Typically, liquid droplets adopt a spherical morphology in order to minimize their surface area and hence minimize their surface energy. However, this process can be arrested to give non-spherical droplet morphologies if an opposing elasticity is applied, either inside or at the surface of the droplet. For example, elasticity can be introduced internally by growing or encapsulating rigid filaments within emulsion droplets, as has been demonstrated in aqueous drops using actin filaments [1] and in oil droplets using wax crystals [2,3]. In the latter case, it was shown that anisotropic droplet morphologies could be arrested by the internal rigidity. Similarly, it is known that highly anisotropic morphologies result from arrested partial coalescence between solid fat droplets in ice cream [4]. Interfacial stabilization of anisotropic liquid droplets and air bubbles has been achieved using a variety of different methods. Jamming of colloidal particles at interfaces has been shown to stabilize a range of non-spherical arrested morphologies, including anisotropic emulsion droplets [5-7] and air bubbles [8], bicontinuous structures (bijels) [9] and recently water-in-air ‘liquid plasticine’ [10]. Anisotropic droplets have also been created using systems that do not use colloidal particles. For example, faceted droplets and droplets with tails have been formed via interfacial freezing of hexadecane and a surfactant; in this system, the interfacial elastic energy could overcome the near-zero interfacial tension [11,12]. Proteins have also been used to stabilize anisotropic structures. Specifically, a class of fungal proteins called hydrophobins were able to stabilize anisotropic air bubbles [13] and emulsion droplets [14], as well as being able to deform sessile drops of water in air [15].

BslA is a bacterial protein from Bacillus subtilis [16-19] that is similar in function to the fungal hydrophobins, although it is distinct in terms of structure, sequence and mechanism of action [20,21]. In vitro studies elucidated that the purified protein is surface active due to a conformational change that occurs only once the protein encounters a hydrophobic interface [21]. Further, we have previously shown that BslA can form an elastic film at both oil–water and air–water interfaces [20,21] and that the elastic film can stabilize anisotropic air bubbles [22]. Such qualities make BslA an excellent candidate for stabilizing emulsions. Indeed, the study that demonstrated the conformational change at the oil–water interface used BslA-stabilized emulsions for that purpose [21], and functionalized emulsion ‘microcapsules’ have been prepared using BslA as the stabilizer [23].

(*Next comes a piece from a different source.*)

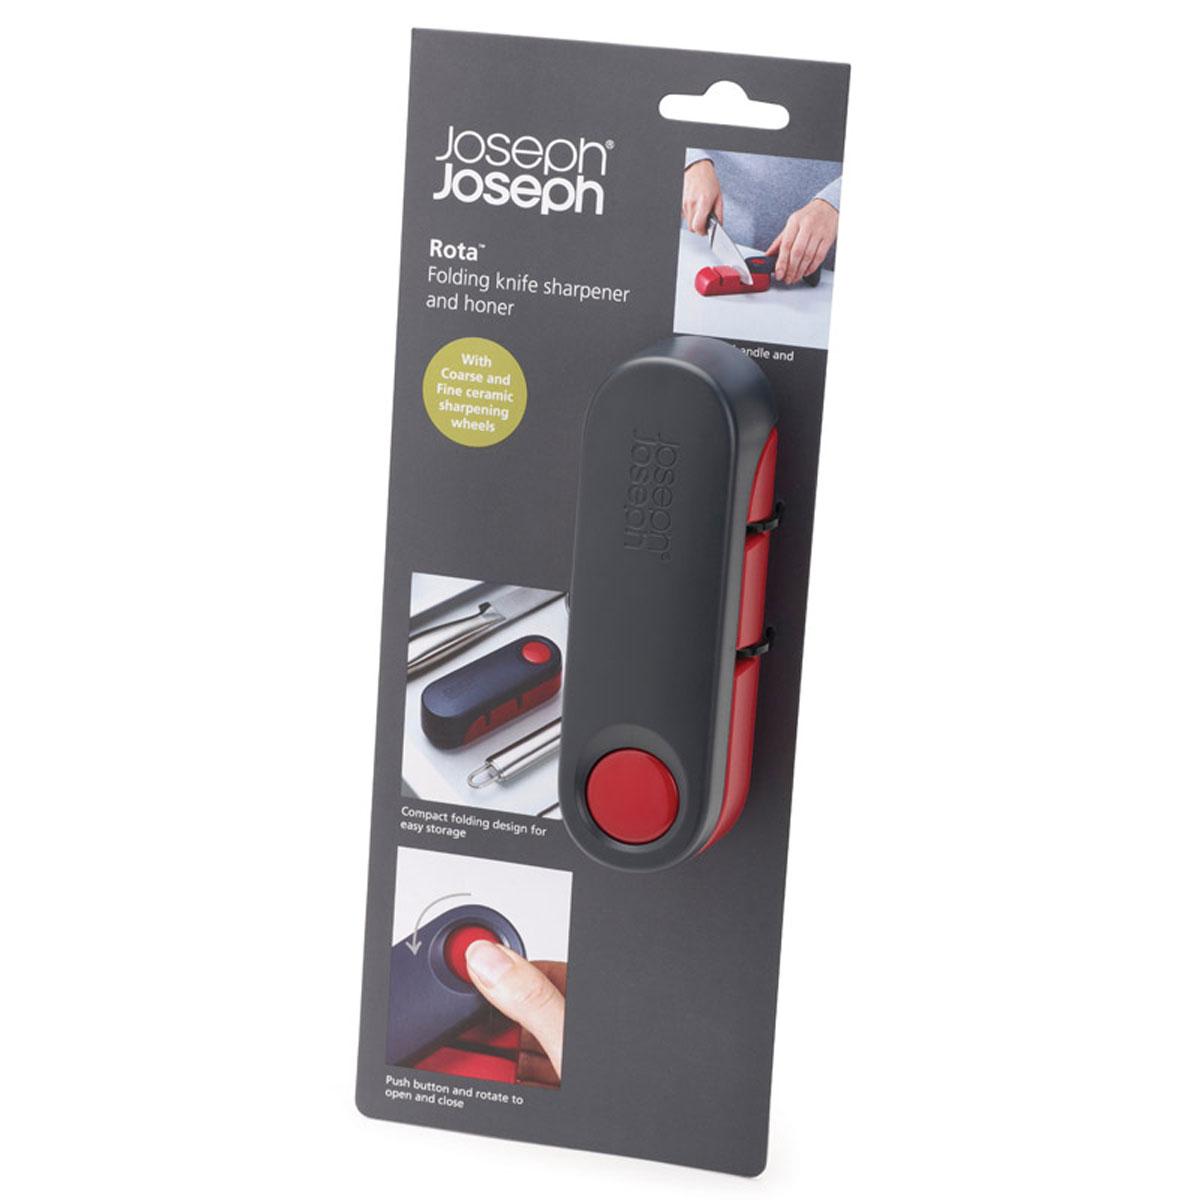 Ножеточка Joseph Joseph Rota, цвет: темно-серый, красный54 009312Ножеточка Joseph Joseph Rota изготовлена из высококачественного пластика. Уникальный дизайн ножеточки Joseph Joseph Rota с вращающейся крышкой помогает выполнить сразу две функции: во-первых, открыв ножеточку, вы сразу обеспечиваете себя удобной ручкой, которая позволяет плотно прижать ее к столешнице. А во-вторых, после заточки ножа, инструмент аккуратно складывается, что экономит место в вашем кухонном ящике. Ножеточка имеет две прорези (с крупнозернистой и мелкой заточкой), которые позволяют точно и тонко наточить ножи разного формата. Нескользящее основание добавляет устойчивости при работе. Ножеточка Joseph Joseph Rota станет незаменимой на вашей кухне. Длина ножеточки (в развернутом виде): 19,5 см. Ширина ножеточки: 4 см. Высота ножеточки: 4 см.

Here, we have created anisotropic liquid emulsion droplets with an elastic BslA surface. Initially, we demonstrate BslA's ability to arrest dynamic emulsification processes, such as droplet elongation, break-up and coalescence. Thus, by varying emulsification conditions, we can broadly control the resulting droplet morphology. Cooling the dispersed phase to solidify the droplets and then partially coalescing them achieved further control over emulsion microstructure. Such droplets could retain their partially coalesced structures during and after melting. Finally, to exert control over the final emulsion architecture, we created moulded fat droplets by casting them in a cylindrical template. The moulded fat droplets were released into a cold BslA solution and subsequently warmed to melt the internal fat phase. Despite melting the fat, the development of an interfacial elastic BslA film allowed the droplets to retain their original moulded morphology.

Experimental

BslA preparation

The BslA used throughout this research was a form of BslA in which cysteine amino acids were replaced with alanine, to prevent the potential formation of disulphide-bonded oligomers. To achieve this, the two cysteine residues at positions 178 and 180 were replaced by site-specific mutagenesis, creating a C178,180A mutant (N. Stanley-Wall 2015, unpublished data). The protein was expressed and purified as described in [21]. All BslA solutions were prepared in 25 mM pH 7 phosphate buffer that had been filtered through a 0.22 µm filter.

Emulsion preparation

Emulsification of hexadecane into BslA solution was performed using three traditional methods: high shear mixing; vortex mixing; and probe sonication. For high shear mixing, an Ultra-Turrax T10 rotor-stator with a gap width of 0.3 mm and rotor speed of 30 000 r.p.m. was used. This corresponds to a shear rate of 20 000 s−1. Samples were prepared at a range of BslA concentrations (0.05–0.5 mg ml−1) and oil volume fractions (ϕo) (0.01–0.5) and emulsified for 15 s unless specified. Vortex mixing was performed for 60 s using an IKA Vortex Genius 3 operating at 2500 r.p.m. Probe sonication was performed using a Sonics Vibra-Cell VCX-500 probe sonicator equipped with a 3 mm tapered titanium microtip. Sonication was performed in 1 s pulses (amplitude = 20%) with 5 s pauses between each pulse for a total sonication time of 30 s. Emulsions created using vortex mixing or sonication were prepared at a BslA concentration of 0.2 mg ml−1 and at ϕo = 0.2.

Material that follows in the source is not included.